Бодрей звучала музыка, чаще маршировали физкультурники, аплодисменты переходили в овацию. Террор усиливался – ширилась радиофикация. Начало 1934 года – XVII съезд ВКП(б), доклады Сталина, Молотова, Кагановича. Интересующиеся вникали в доступные по газетам и слухам подробности. Еще не отменены продуктовые карточки. Но в Москве появились первые троллейбусы. Соседняя Остоженка, скоро ставшая Метростроевской, перекопана – строилось метро. Заодно на ней снесли храмы Воскресения и Успения, хотя строительству они не мешали. Но к сносу храмов москвичи привыкли.
17 августа 1934 года открылся первый Всесоюзный съезд писателей: овации Сталину и Горькому, доклад Бухарина о поэзии, речи писателей.
Это лето Андреев большей частью провел в Москве. Возможно, именно тем августом они вместе с Глебом Смирновым поехали в Звенигород, где заказали в соборе Успения Божьей Матери на Городке панихиду по Владимиру Соловьеву. В храме, скоро закрытом, почти пустом, отслужил ее им двоим старый растерянный батюшка. Какое-то время Андреев пожил у Смирновых в Перловке. Там он бывал часто, знал многих. Как уверяет Алексей Смирнов, познакомился с родственниками Джунковского (некогда товарища министра внутренних дел и командира жандармского корпуса, скрывавшегося на даче в Перловке, но выданного их бывшим дворником) и «бывал у них, расспрашивал о Распутине». Джунковского расстреляли в 1938-м. «Мой отец, – пишет Смирнов, – предупреждал Андреева: опасно посещать семью царского генерала! Но куда там!»230
Еще он гостил на даче Муравьевых на Николиной Горе. В это лето они с Николаем Константиновичем могли обсуждать только что вышедшую книгу Ганди «Моя жизнь», которую оба прочли, или говорить о стихах Максимилиана Волошина, увлекших старого адвоката. В сентябре Муравьев писал давнему соратнику в Харьков: «Я сейчас очень интересуюсь Волошиным и собираю его работы. Последний сборник его стихотворений издан в Харькове, если не ошибаюсь, в 1923 г. Не могли бы Вы антикварным путем приобрести для меня эту книжку…»231 Речь шла о книге «Демоны глухонемые».

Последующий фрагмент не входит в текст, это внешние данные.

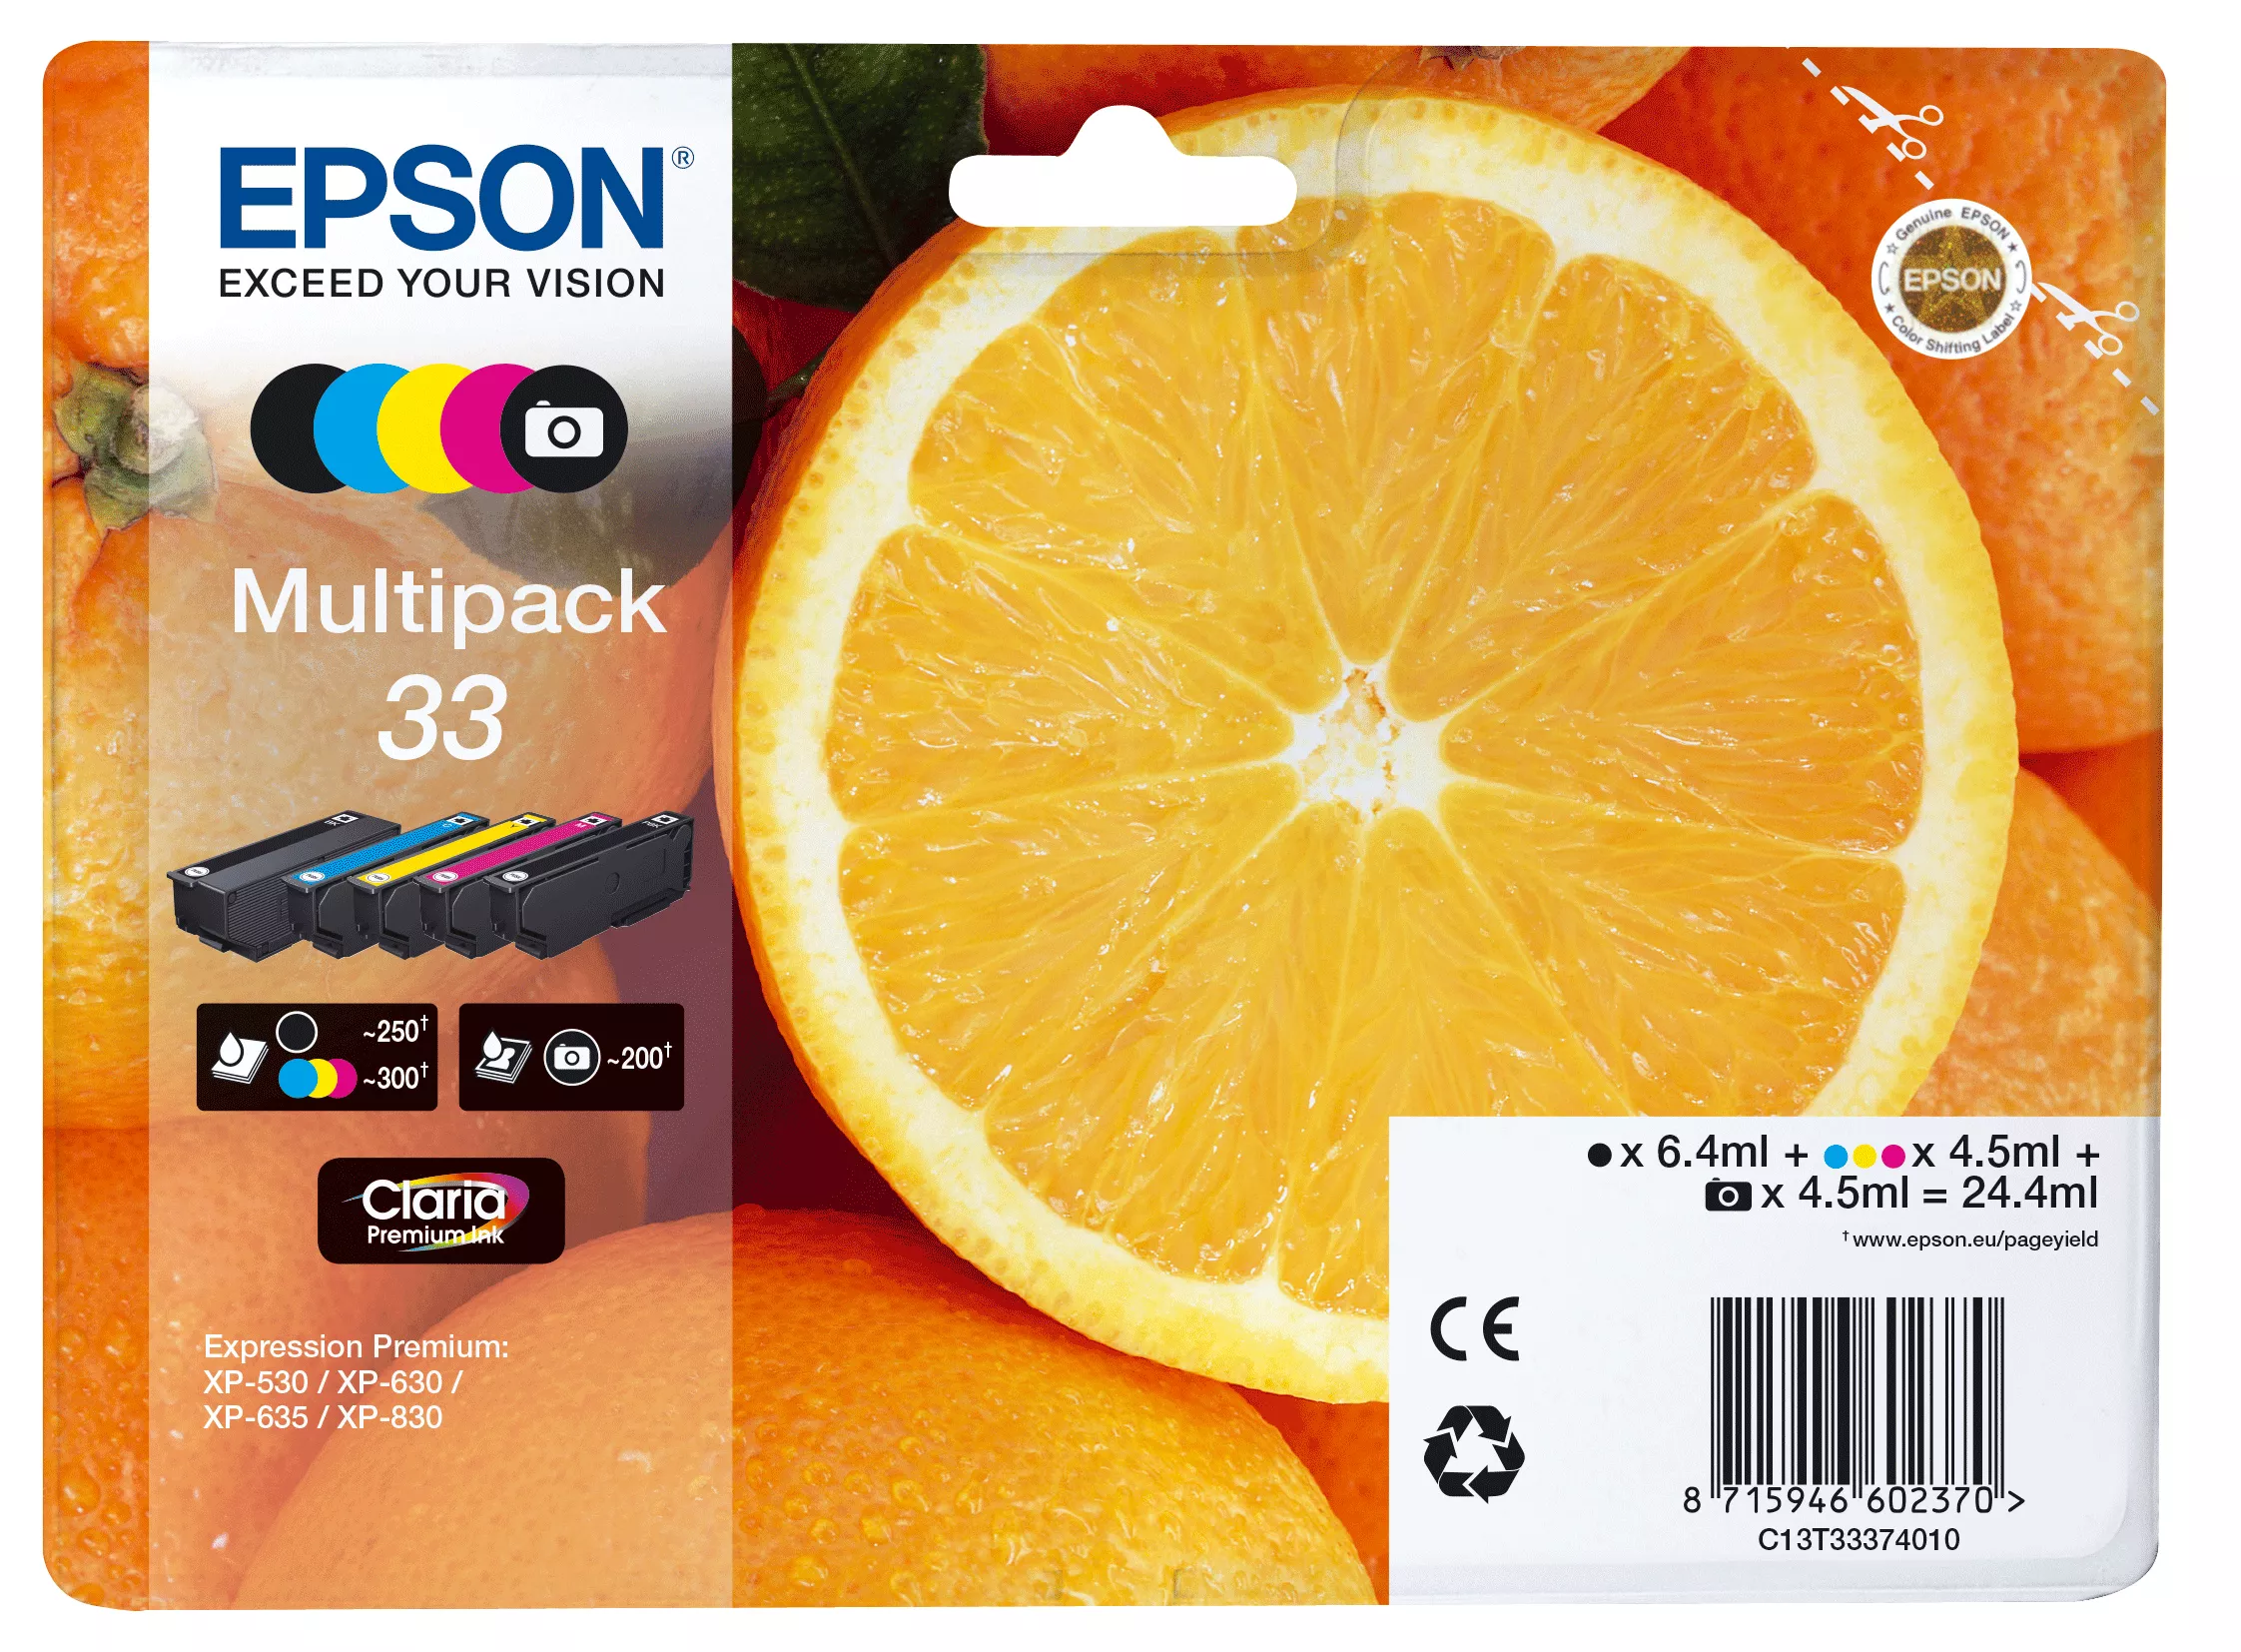 Achat EPSON Multipack Oranges non alarmé - Encre Claria au meilleur prix

С первого знакомства, еще в 1929 году, Даниил сошелся с Гавриилом Андреевичем Волковым, мужем Татьяны Муравьевой. Волков занимался Львом Толстым, участвовал в редактировании его Полного собрания сочинений. Занималась Толстым и Татьяна, работавшая с мужем в Музее Толстого на Пречистенке. Любовь к Толстому у нее была наследственной, с ним долгое время общался ее отец, участвовал в составлении его духовного завещания.
Возле дома с мезонином, в сосновом бору, вместе с Волковыми Даниил совершал долгие прогулки. Они дорого обошлись его друзьям. Сравнительно недалеко от Николиной Горы, в Зубалове, находилась дача Сталина. Они меньше всего интересовались правительственными дачами и жившими в них вождями. Андреев и в этом году жил поисками собственной Индии, полугрезами о том единственном образе, который, казалось, мелькнет в московской толпе.

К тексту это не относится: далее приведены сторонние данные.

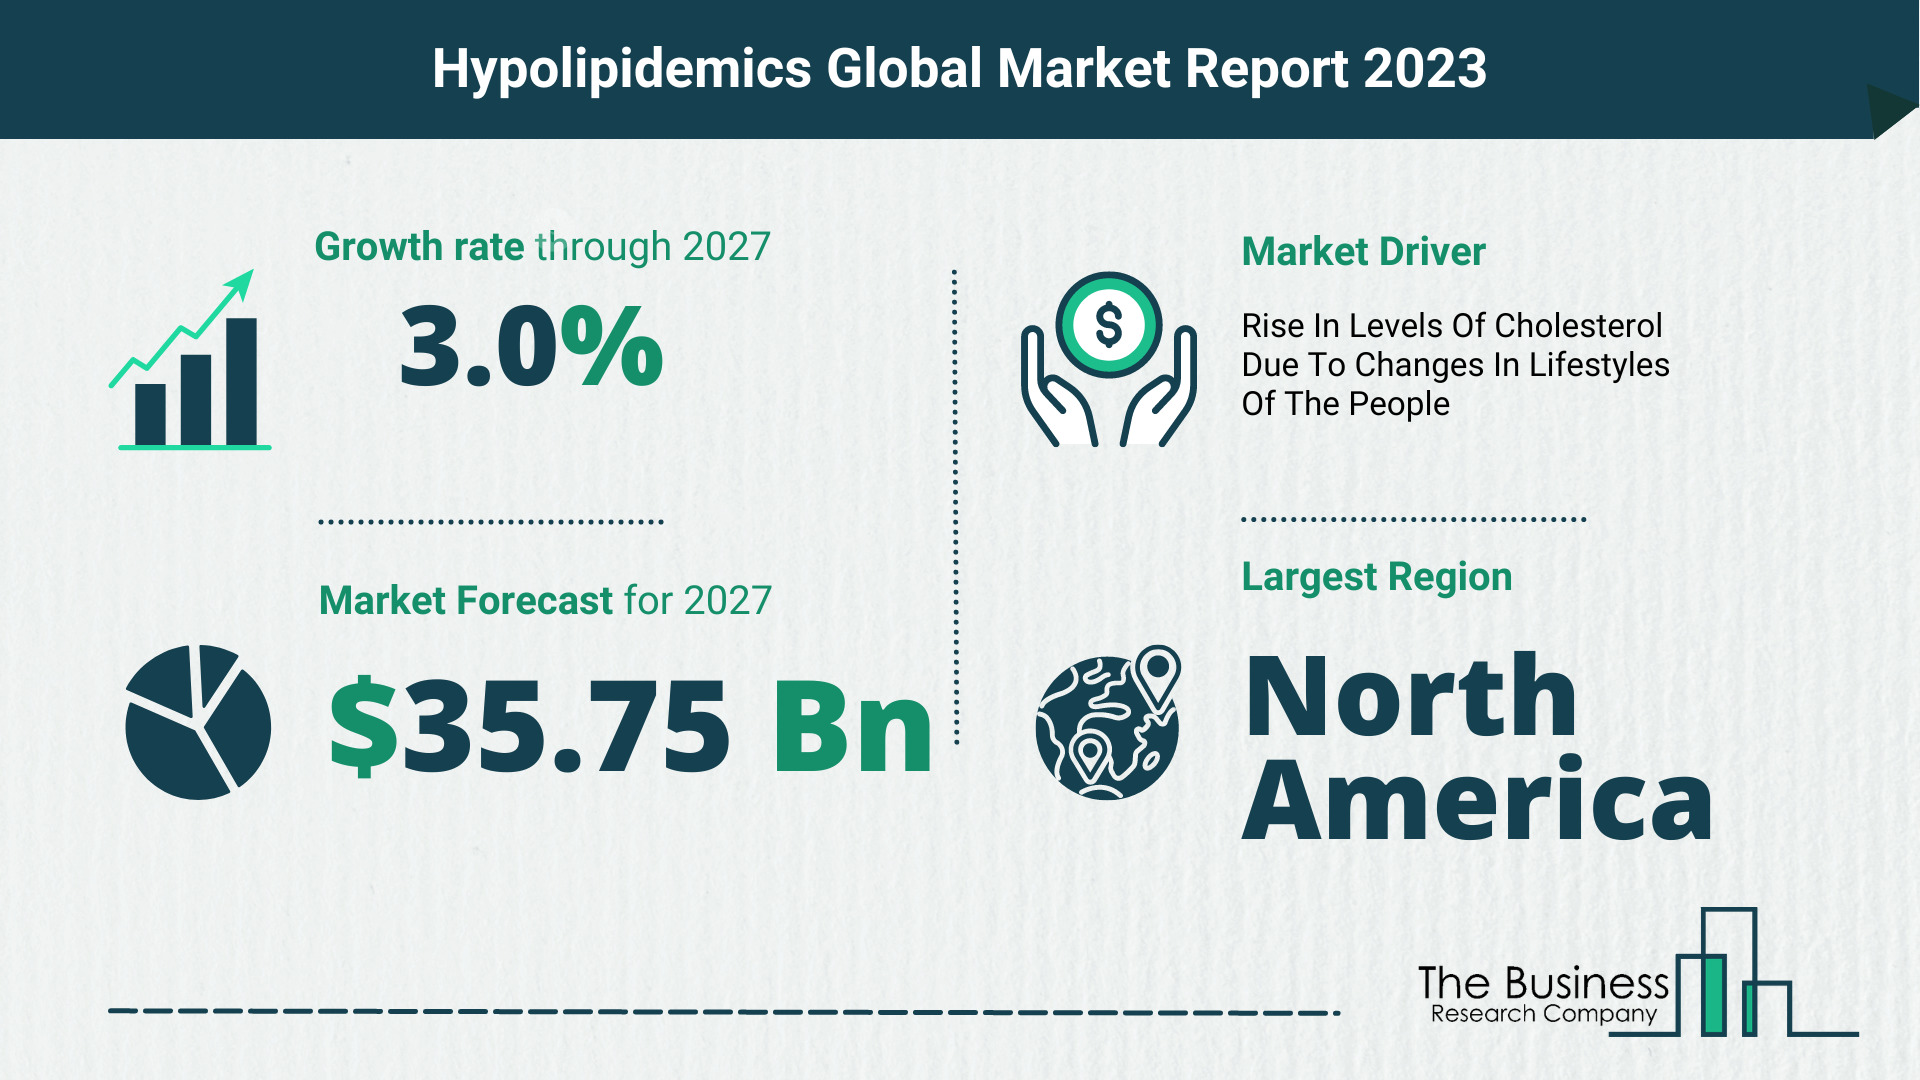 Global Hypolipidemics Market Size

«Сцена у реки (в поэме) действ<ительно> была», – записал он в тюремной тетради о видении, описанном в поэме «Бенаресская ночь»:
Известна связанная с поэмой трагикомическая история. Рассказанная со слов поэта, она не без самоиронии:
«Однажды он ехал в трамвае, и вот на одной из остановок увидал девушку, которая стояла, прислонившись к столбу, держа в руках что-то прозаическое, вроде бидончика для молока и продуктовой сумки, и, видимо, ожидая свой номер. Что-то в ее наружности поразило его: “Она?!” <…> Вслед за ней вскакивает в трамвай и едет, не теряя ее из вида, до железнодорожного вокзала, где она выходит. Он за ней. Она входит в здание вокзала, он за ней. Она, уже смешиваясь с густой толпой, проходит через контроль на перрон, а у него нет перронного билета, и он остается… <…> Уж не помню, сколько дней <…> и по сколько часов ждал там, только однажды он увидел ее опять! А так как он понимал, что невозможно будет объяснить ей кратко – почему он обратился к ней, то он брал с собой эту индийскую поэму, где говорилось о любви, о предназначенности друг другу и прочих поэтических вещах <…>
И он подошел к ней, подал эту тетрадь – “прочтите” – и спросил, когда она снова будет в Москве. Через сколько-то дней он опять помчался на вокзал… Вот она, идет! Что-то она ему скажет?! Она возвращает ему тетрадь со словами: “Я замужем”»232.